We've been using a custom locale since we needed to use special ordering for
certain values in a UTF-8 database.

For example, E'\xEC\x82\x80' (E'\uC080') is defined as the first in the
list, before all other possible codepoints/characters.

While it works fine for varchars, properly placing this codepoint before a
space, it doesnt work as we expected in the case of chars.

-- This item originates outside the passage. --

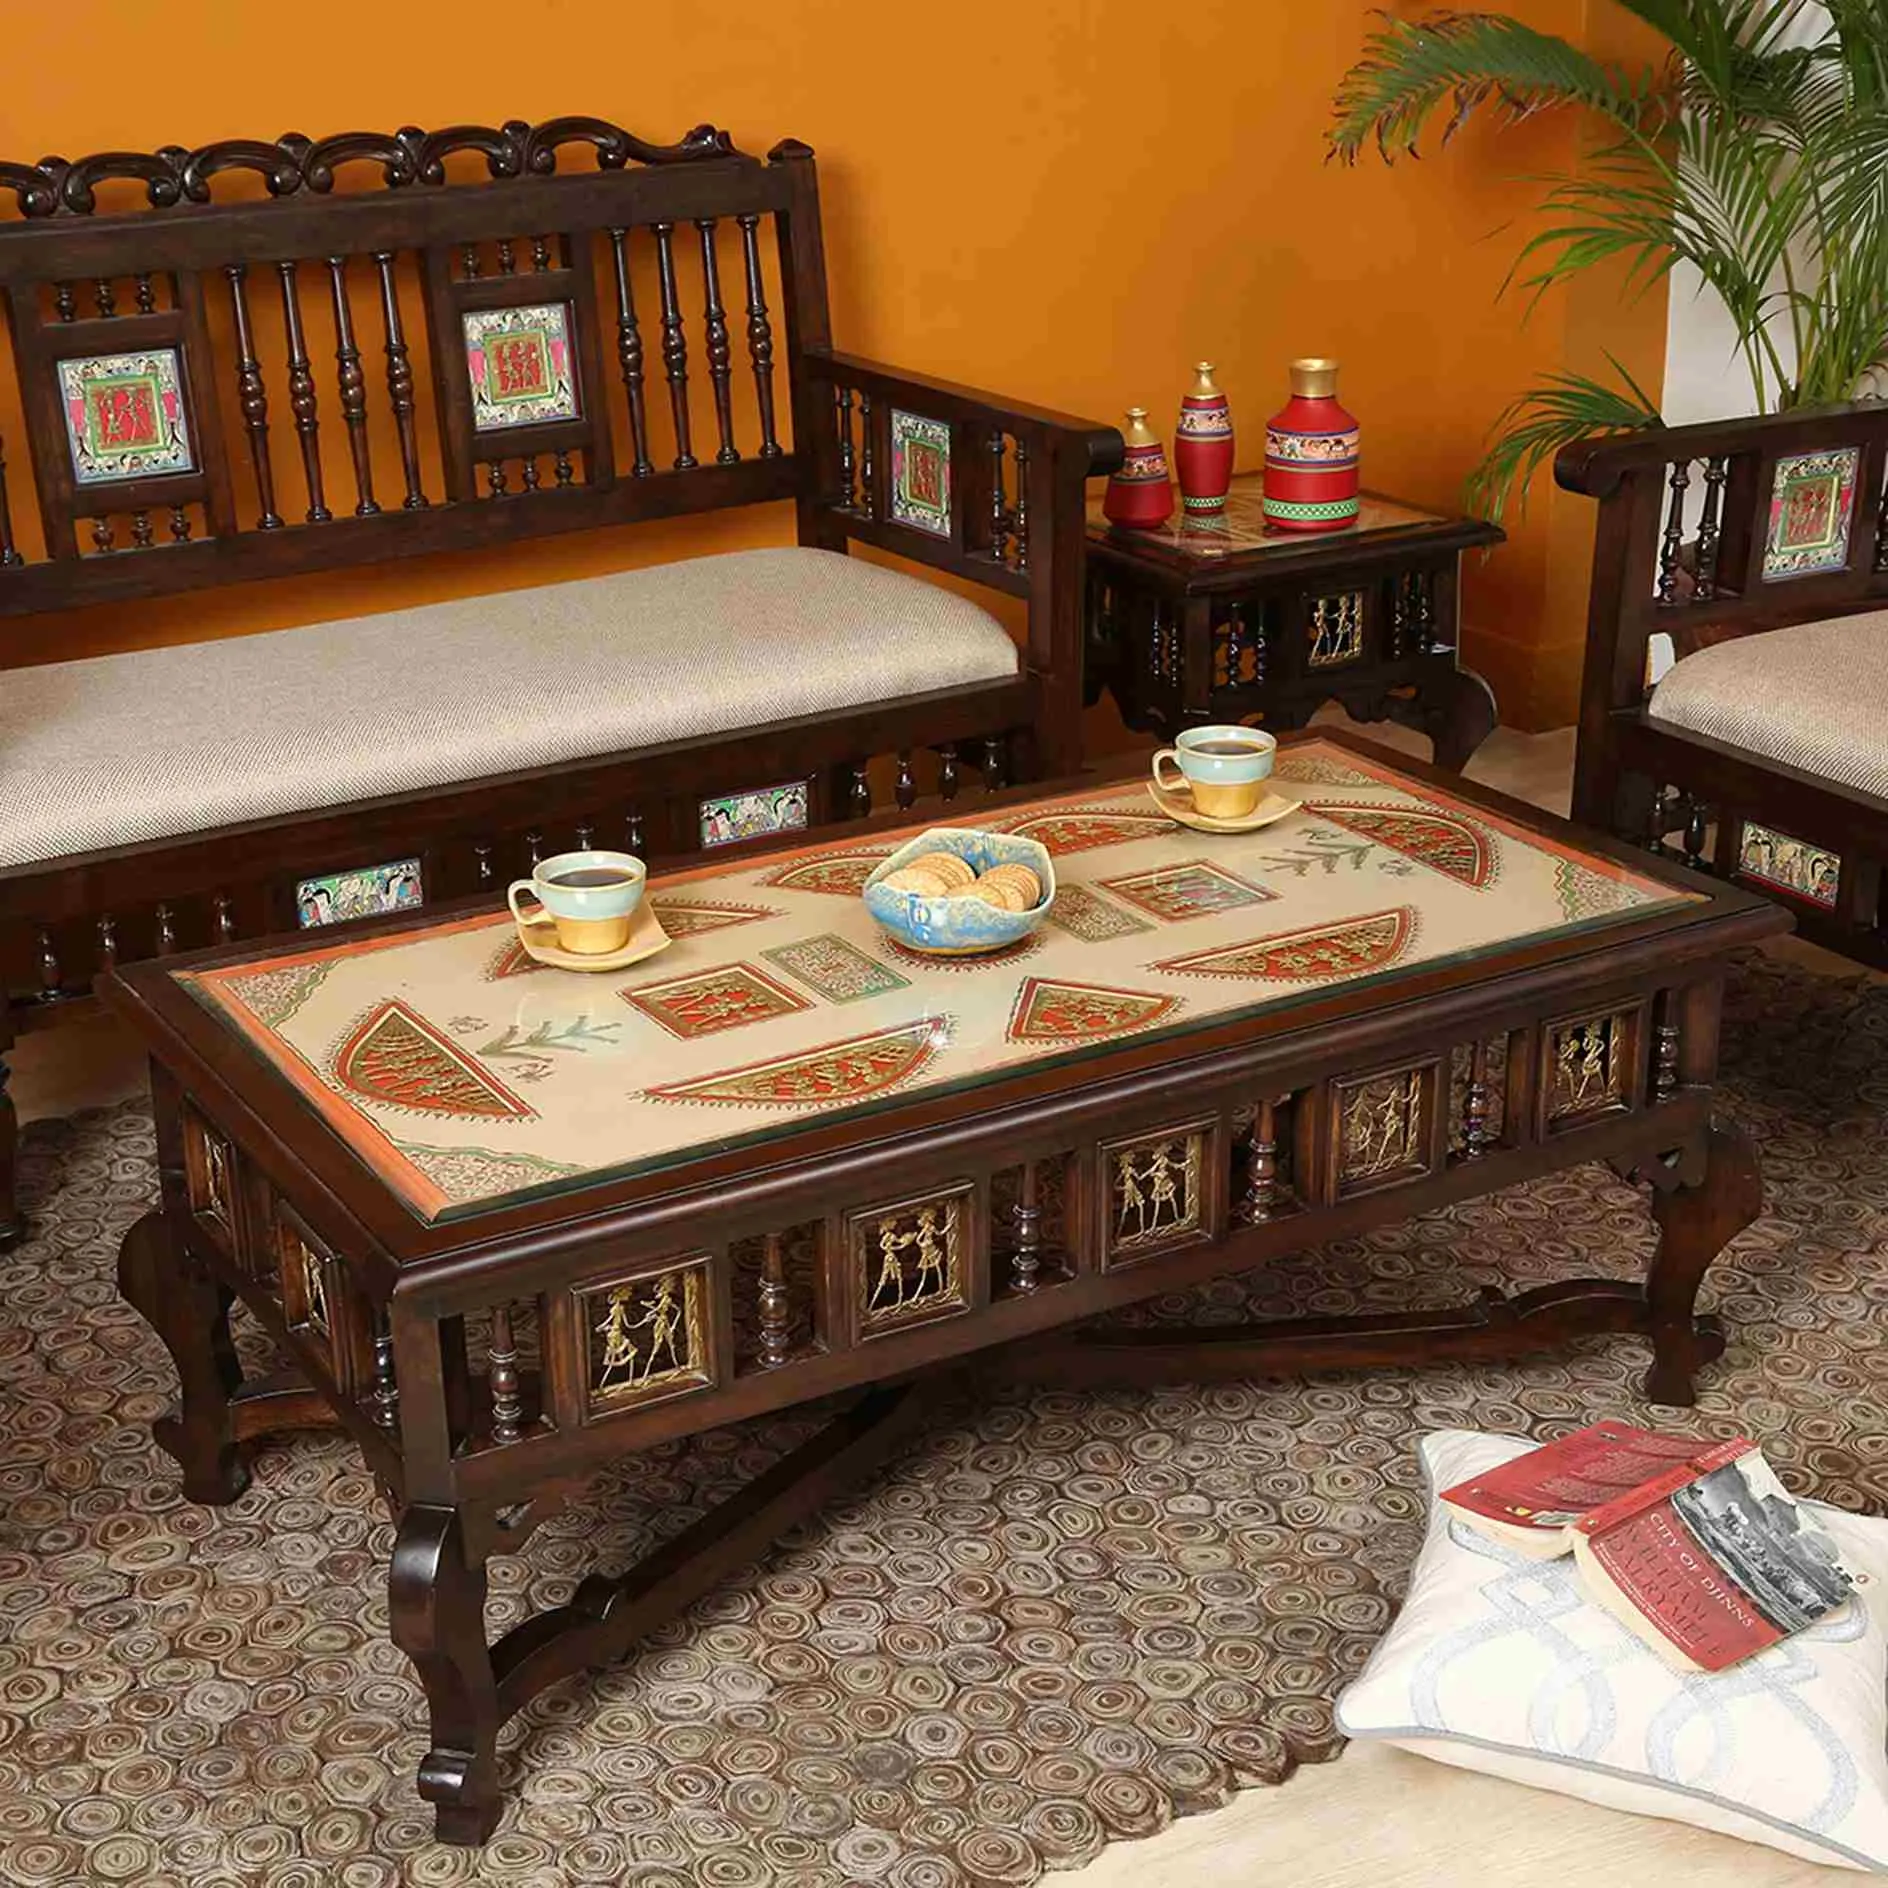 Classsic wooden centre table with patterns

This seems to be explained by the fact that bcharcmp() (in
src/backend/utils/adt/varchar.c) uses the bcTrueLength of said char(), which
does not count the number of trailing spaces.
Hence a blank char(3) with value '\x202020' is of "true length" 0 and
smaller than any other string, and any locale information will be
disregarded.

This behaviour already had surprised us while calling the length() function
on char(x) with blank pads :
test_utf8=# select length(' '::char(3)) as char_len, char_length('
'::char(3)) as char_charlen, octet_length(' '::char(3)) as char_octetlen,
length(' '::varchar(3)) as varchar_len;
char_len | char_charlen | char_octetlen | varchar_len
----------+--------------+---------------+-------------
0 | 0 | 3 | 3
(1 row)

Is this considered normal? Especially the case with char(x) which can ignore
partially ignore collation if they have trailing blanks.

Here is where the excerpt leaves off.